Reflective Metaprogramming for Session-Typed Processes
We introduce FuSes, a functional programming language that supports reflective metaprogramming over session-typed process calculus code. In particular, a functional layer sits on top of a session-typed process layer, and the functional layer uses the contextual box modality extended with linear channel contexts to capture open process code. FuSes not only supports code generation but also supports pattern matching over open process code.
Furthermore, we introduce a set of run primitives that enable processes to be executed and observed from within the functional layer. Using these constructs, we implement well-known optimizations over concurrent code such as batch optimizations and geo-load balancing in a type-safe manner. Our technical contributions include a type system for FuSes, an operational semantics, and a proof of its type safety.
Polymorphic Metaprogramming with Resource Guarantees — An Adjoint Analysis of Metaprogramming
In this talk, I describe Elevator, a unifying polymorphic foundation for metaprogramming with resource guarantees based on adjoint modalities. Elevator distinguishes between multiple memory regions using modes where each mode has a specific set of structural properties. This allows us not only to capture linear (i.e. garbage-free) memory regions and (ordinary) intuitionistic (i.e. garbage-collected or persistent) memory re- gions, but also to capture accessibility between the memory regions using a preorder between modes. This preorder gives us the power to describe monadic and comonadic programming. As a consequence, it extends the existing logical view of metaprogramming in two directions: first, it ensures that code generation can be done efficiently by controlling resource dependency; second, it allows us to provide resource usage guarantees about the generated code (i.e. code that is for example garbage-free). I present the static and dynamic semantics of Elevator. In particular, we prove the substructurality of variable references and type safety of the language. We also establish mode safety, which guarantees that the evaluation of a term does not access a value in an inaccessible memory.

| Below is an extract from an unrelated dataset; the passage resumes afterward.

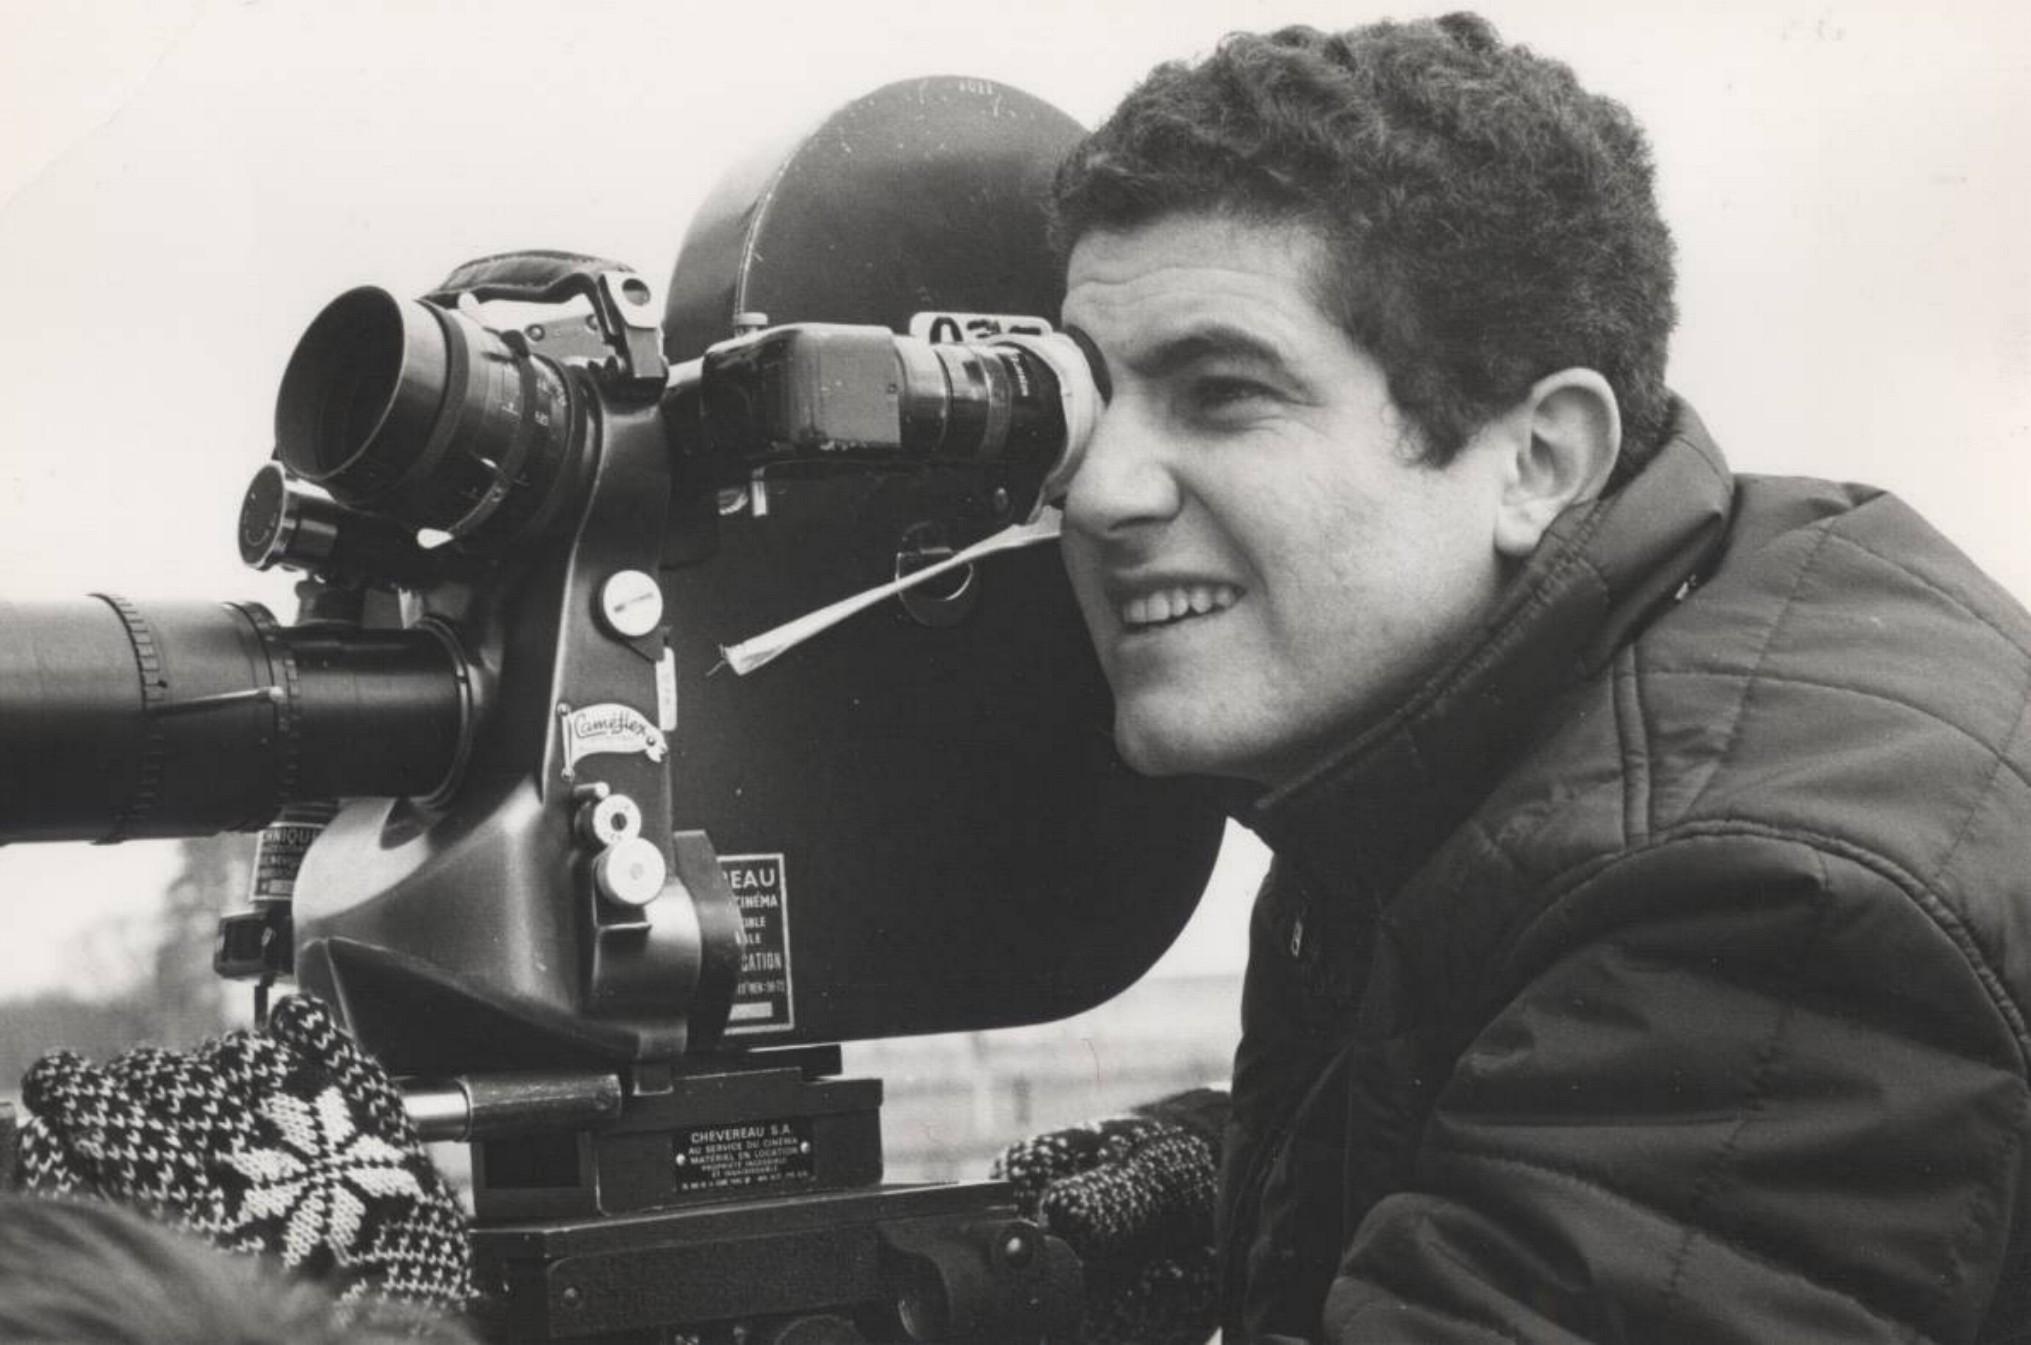 Les Films 13:Claude Lelouch shooting with a Caméflex camera

Safe and easy compile-time generative programming
In this talk we overview MacoCaml, a new design and implementation of compile-time computation for OCaml. MacoCaml features a unifying and novel combination of phase separation and quotation-based staging. We review MacoCaml’s recent developments, including a comprehensive formalism of a feature-rich macro calculus with key meta-theoretic properties, and an extension to module functors that leads to explicit phase distinction. We describe how the meta-theoretical results offer practical benefits for programmers, and conclude the talk with a few directions for future exploration.